Overall, XOMA aims to achieve a high degree of risk diversification by assembling a “patent licensing pool” comprising assets at various development stages, across different therapeutic areas, with diverse mechanisms of action, and from multiple licensors. Meanwhile, leveraging its professional expertise in legal affairs, deal structuring, buyer networks, valuation adjustment mechanisms (VAMs), compliance management, and patent continuity, the company has expanded into liquidation services. This enables it to provide rapid wind-down solutions for distressed biotech firms, thereby maximizing shareholder value while generating service-related revenue.


XOMA’s business model is also worth studying for China’s biotech industry.

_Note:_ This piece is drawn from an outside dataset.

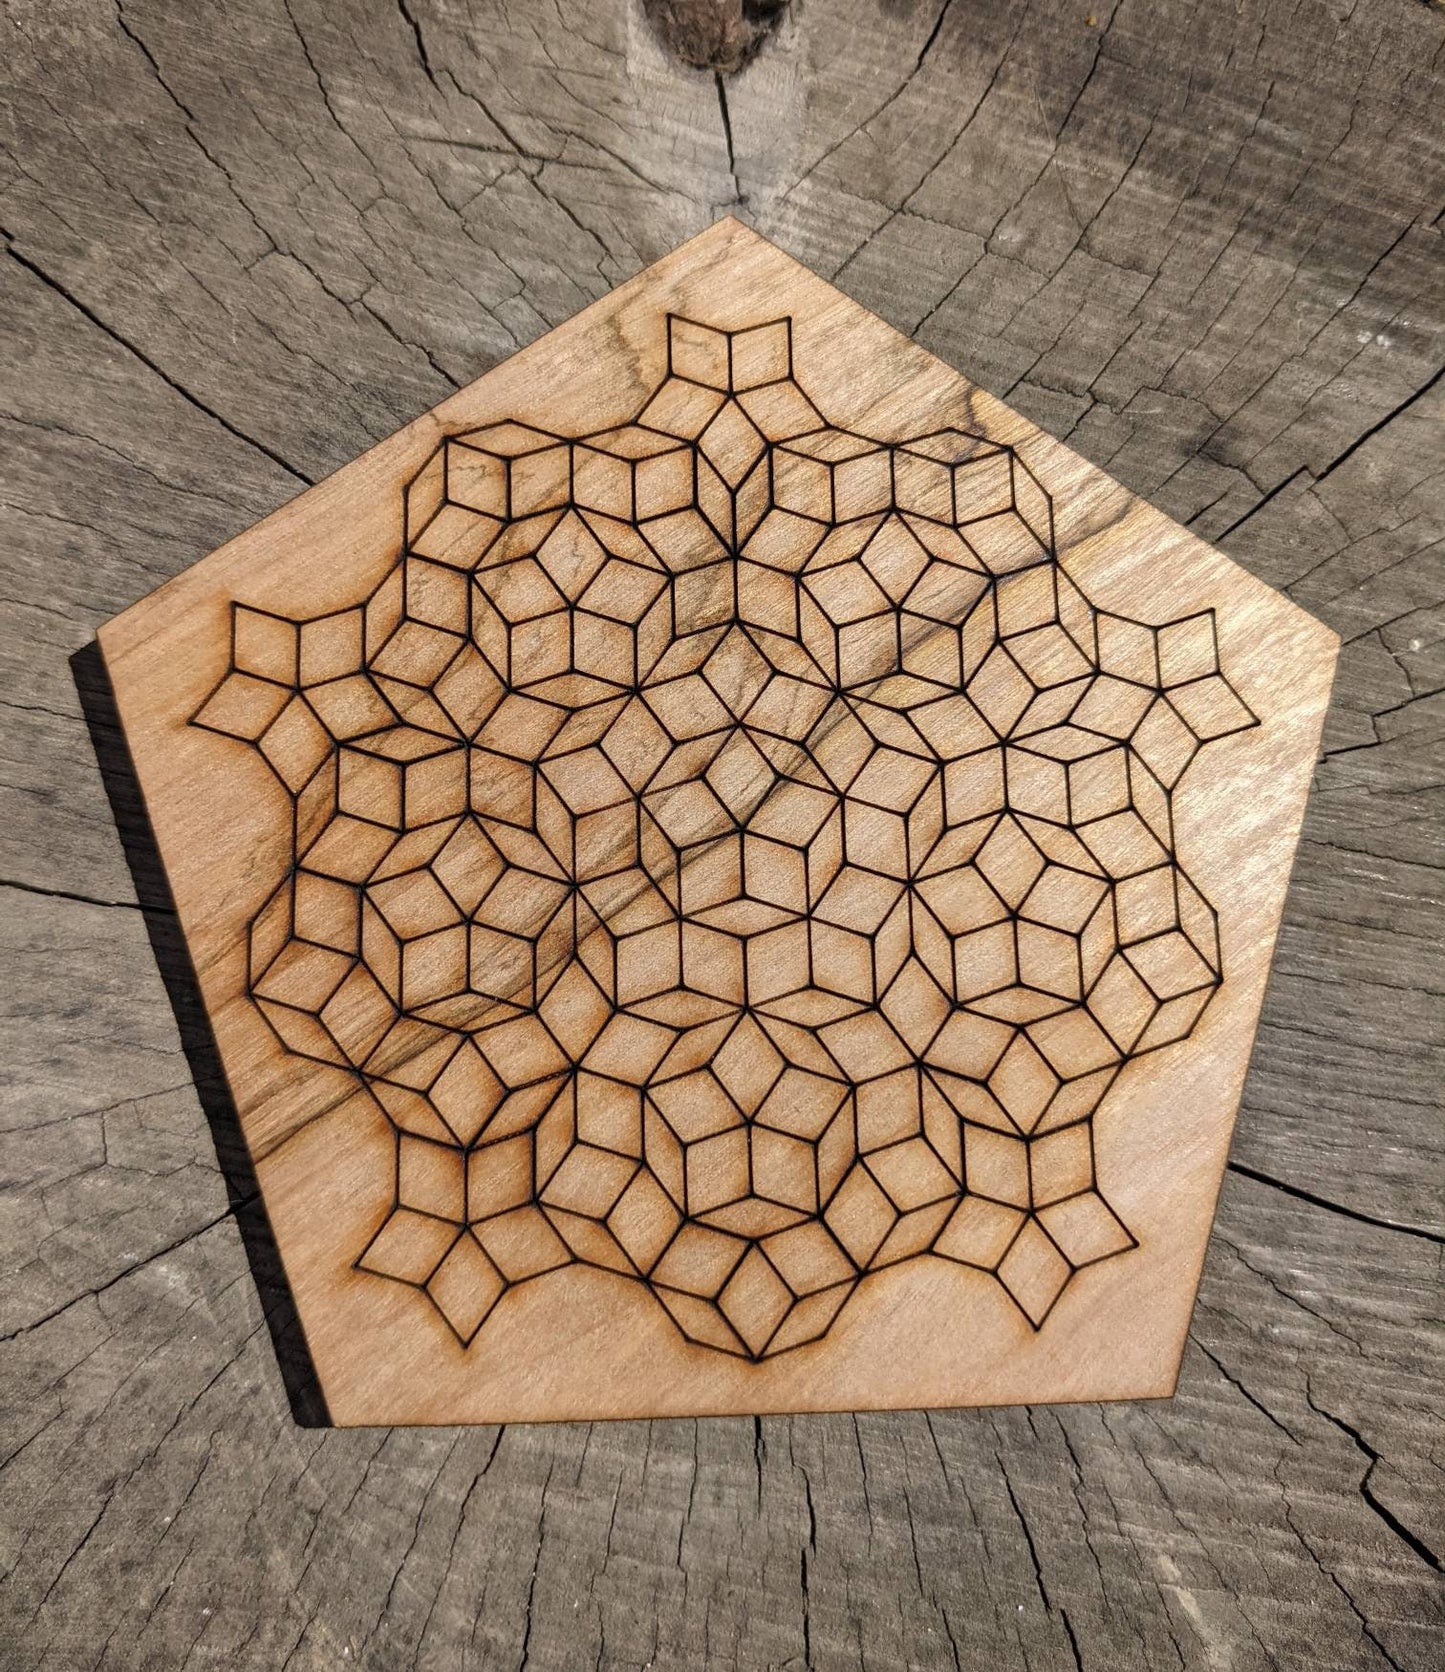 Pentagonal Penrose Tile Set Reclaimed Wood Laser Engraved and Cut Wall Art or Crystal Grid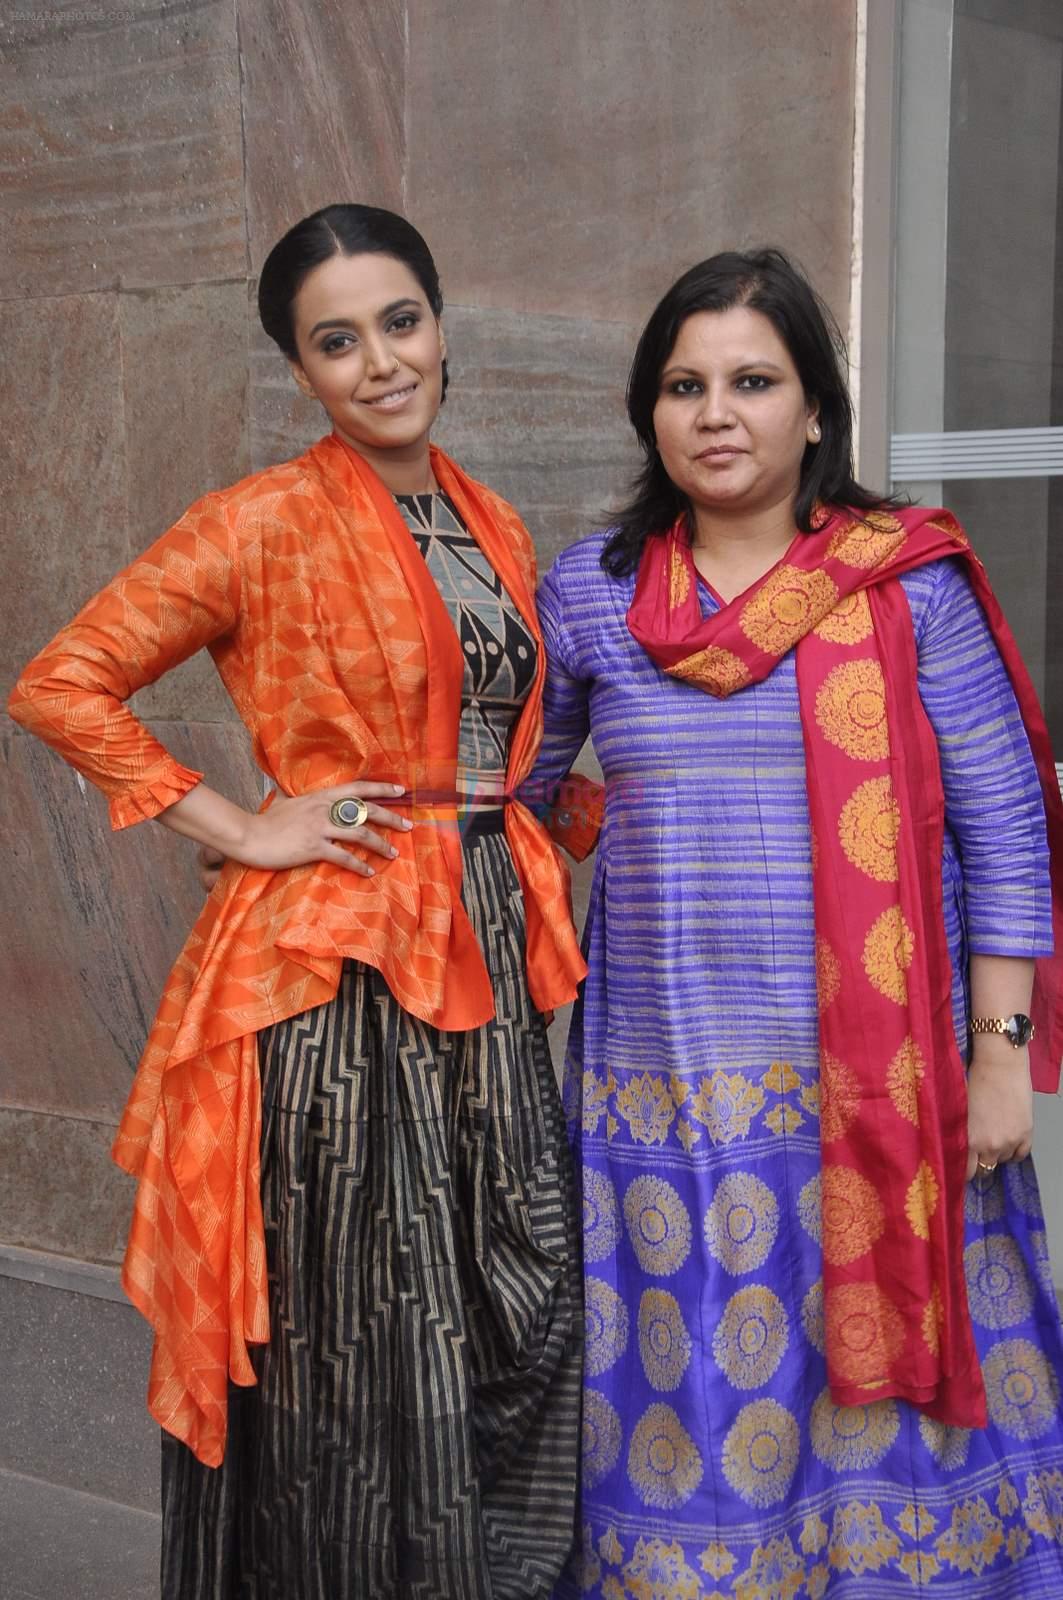 Swara Bhaskar at Lakme fashion week preview in Mumbai on 3rd Aug 2015

First, it has shifted from a “blockbuster bet” strategy to a “cash flow portfolio.” With XOMA’s patent reserve covering more than 120 pipeline assets, the failure of any single project would impact overall cash flow by less than 2%. Second, it facilitates the mutual conversion between “future milestones” and “current cash”; XOMA not only purchases future royalty rights but also sells them off in one-time transactions. Finally, transitioning from scientists to capital operators, a significant proportion of XOMA’s small workforce consists of legal, financial, and tax professionals.


No matter how you look at it, XOMA is an atypical biotech company. The insight it offers is not about how to develop a drug, but rather how to commercialize the various capabilities honed during corporate development. As financing windows narrow and valuations fall broadly below cash reserves, those who first learn to leverage these capabilities will have the opportunity to turn the capital winter into dividends from cyclical fluctuations. There are already several companies similar to XOMA in the U.S. market; when will such enterprises emerge in China?